- **PROBLEM STATEMENT**
Return the listing below unchanged, except that the pictures are dropped.

- **COLLECTED DATA**

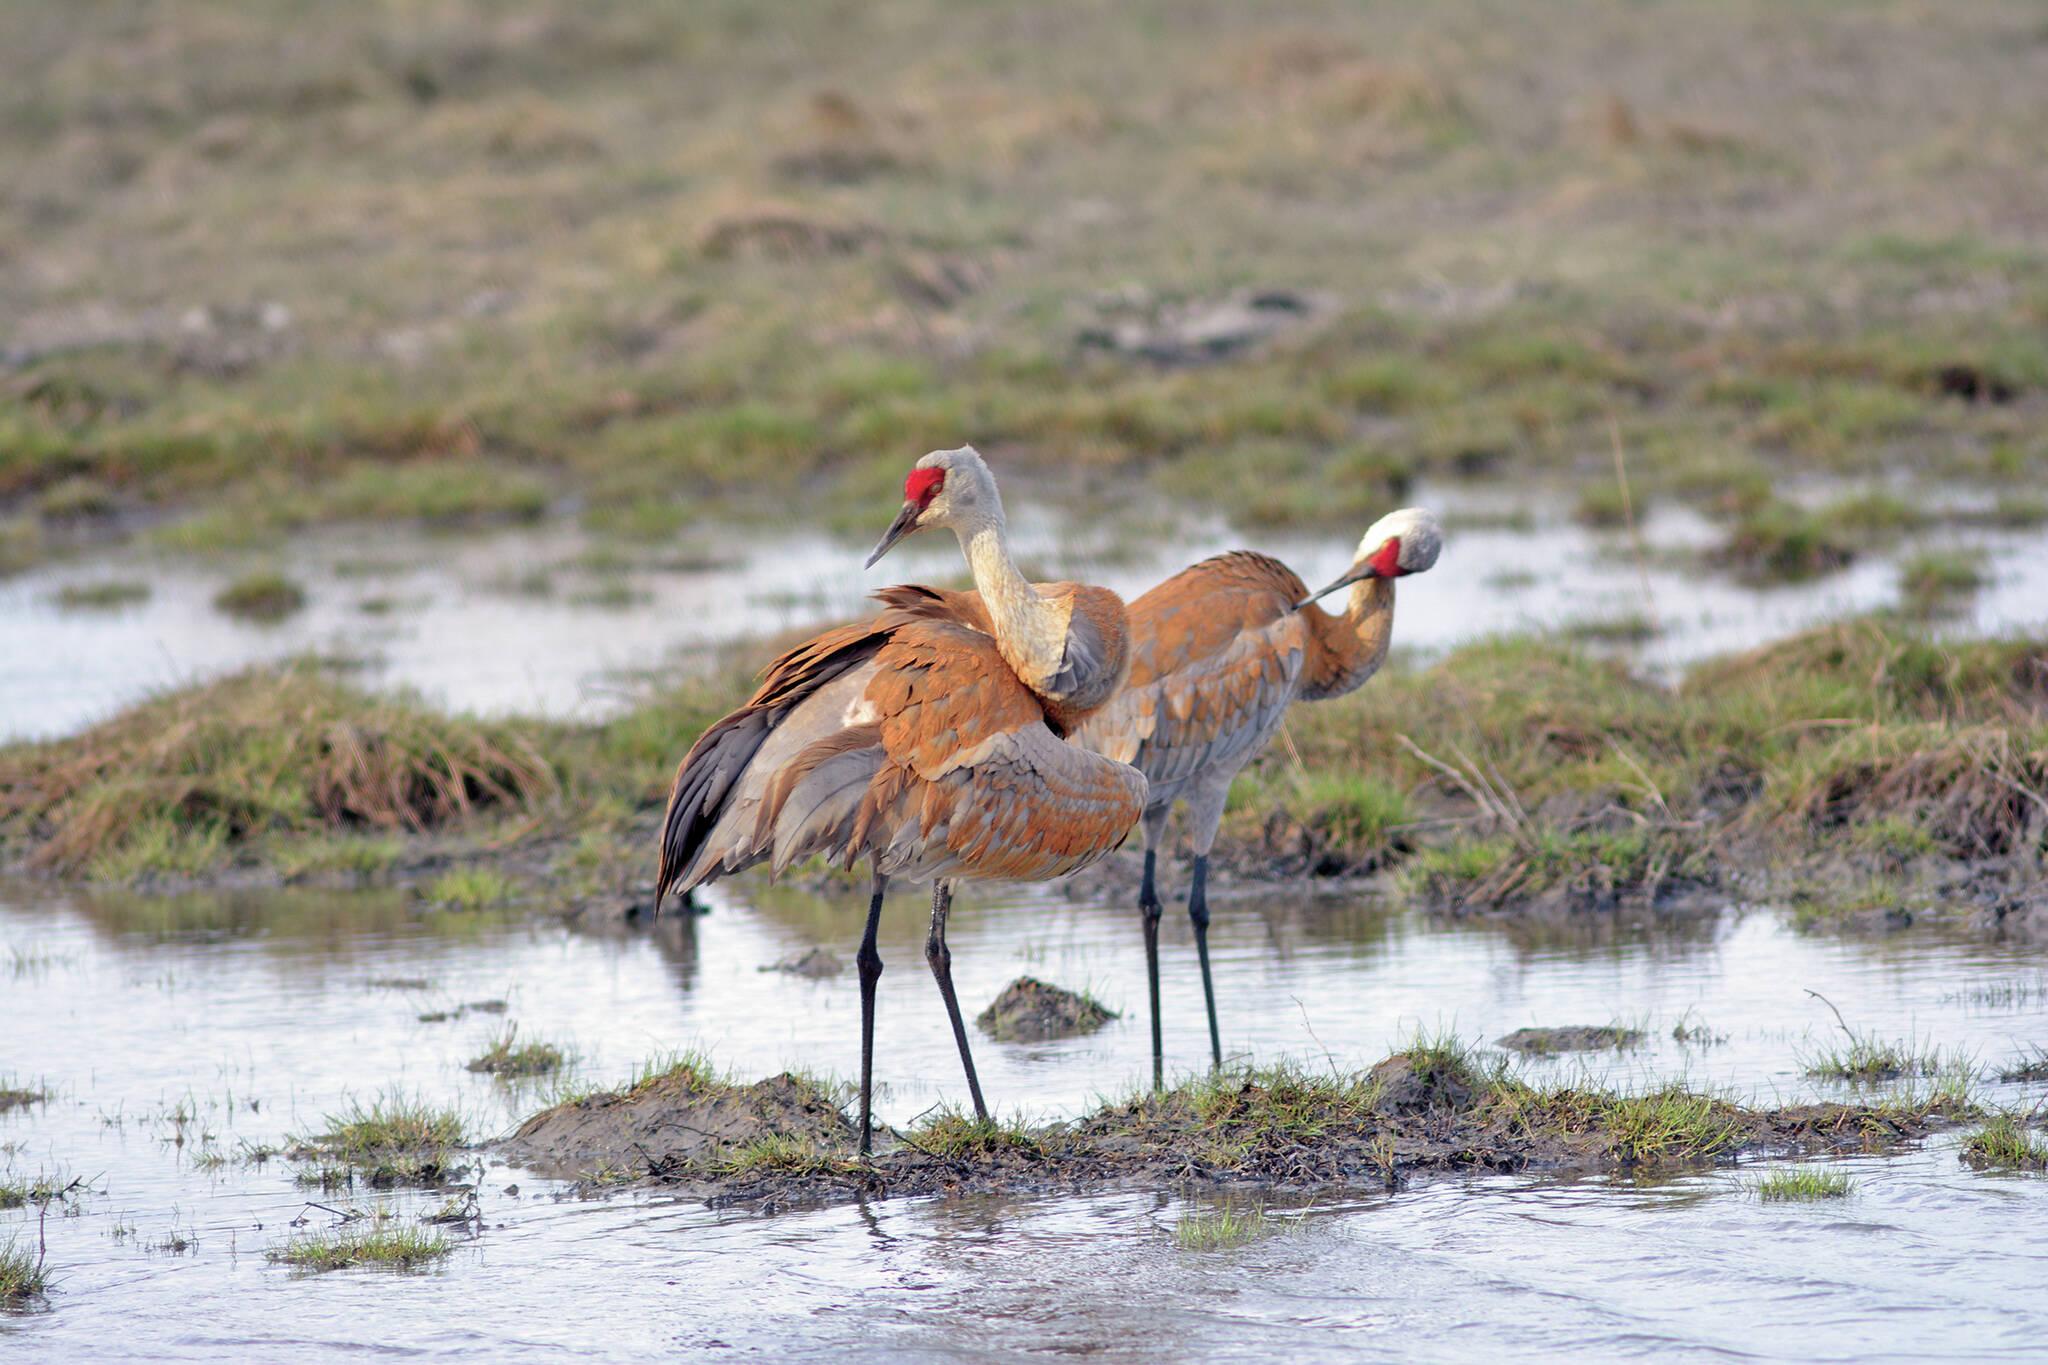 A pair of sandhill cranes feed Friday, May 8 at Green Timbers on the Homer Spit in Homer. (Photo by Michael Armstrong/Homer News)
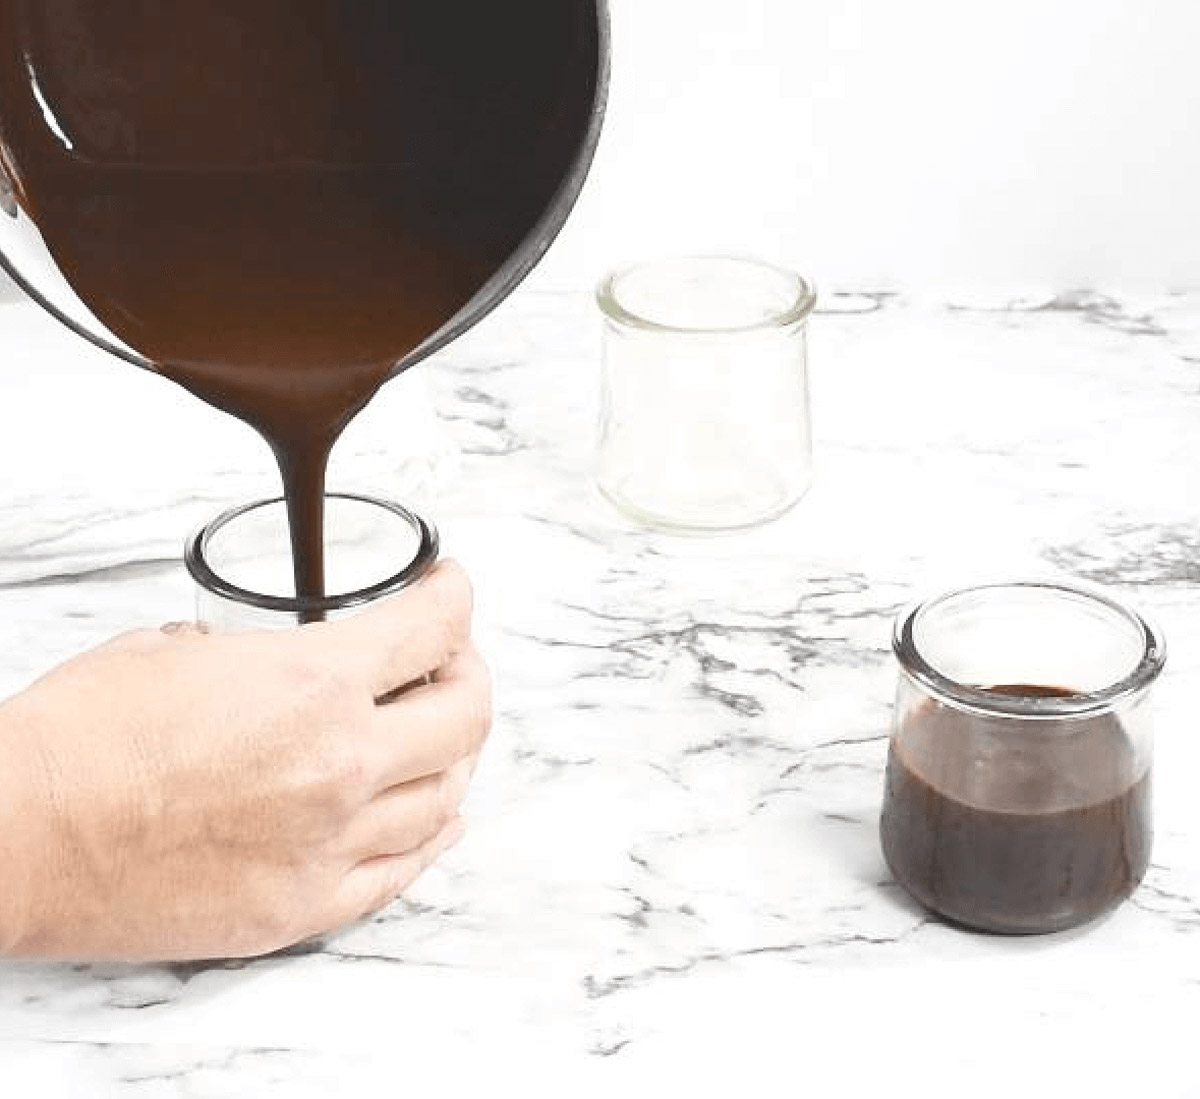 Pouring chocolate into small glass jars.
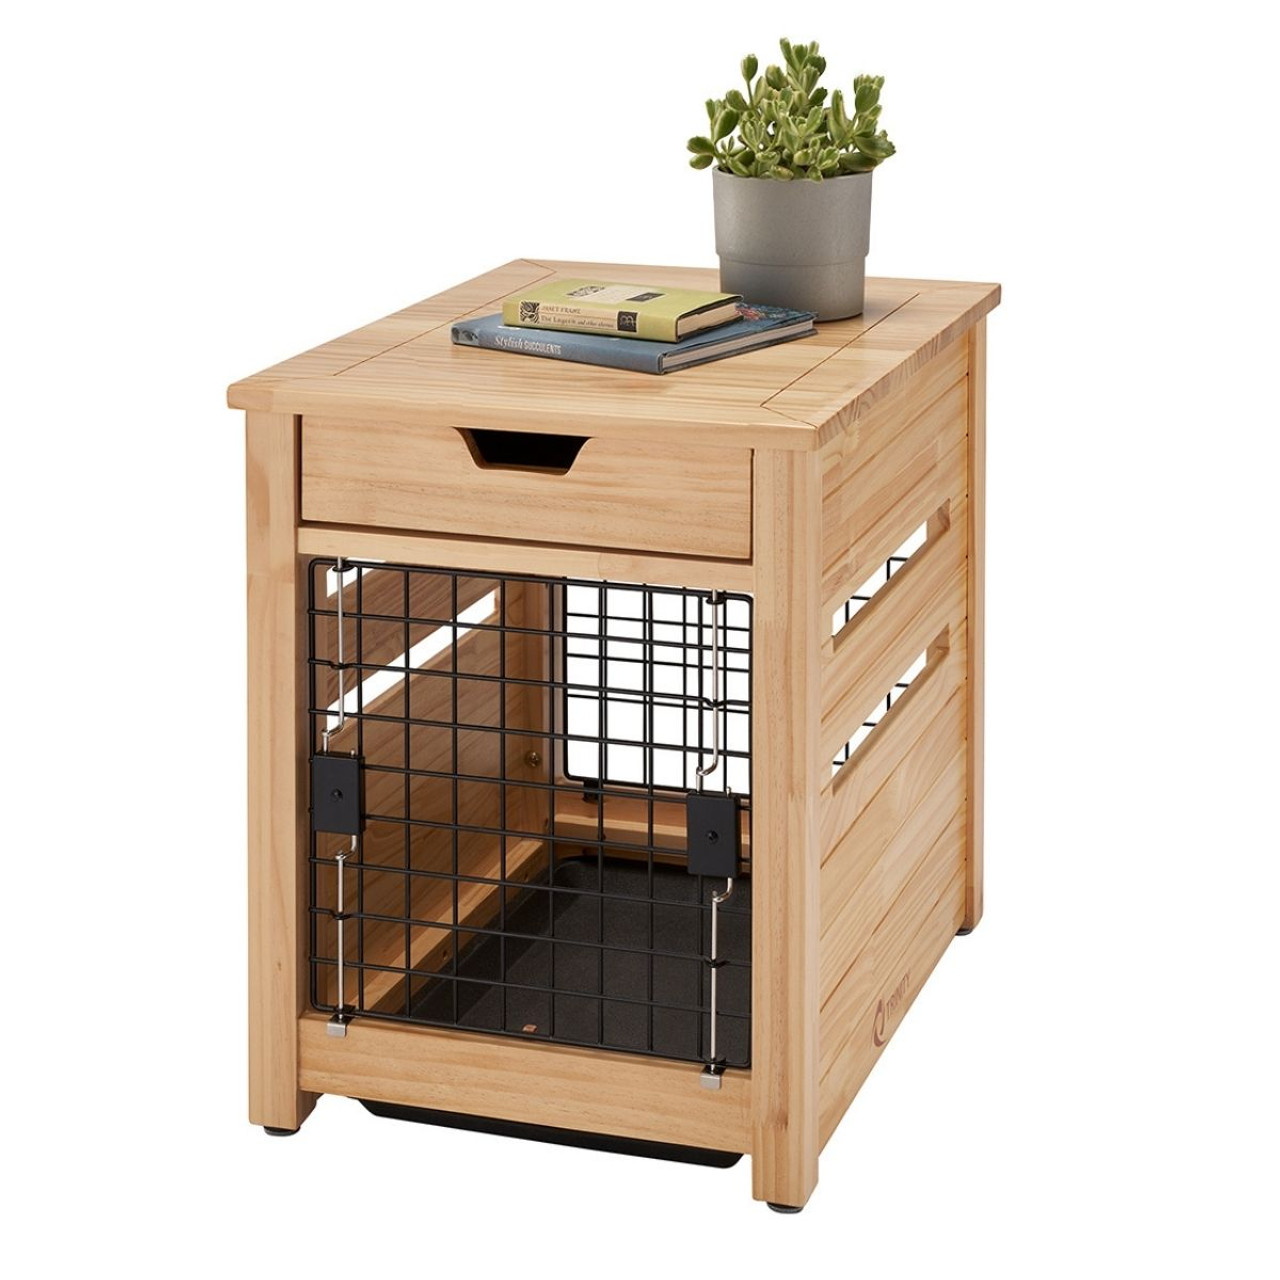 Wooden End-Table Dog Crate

- **TASK ANSWER**
 A pair of sandhill cranes feed Friday, May 8 at Green Timbers on the Homer Spit in Homer. (Photo by Michael Armstrong/Homer News)
 Pouring chocolate into small glass jars.
 Wooden End-Table Dog Crate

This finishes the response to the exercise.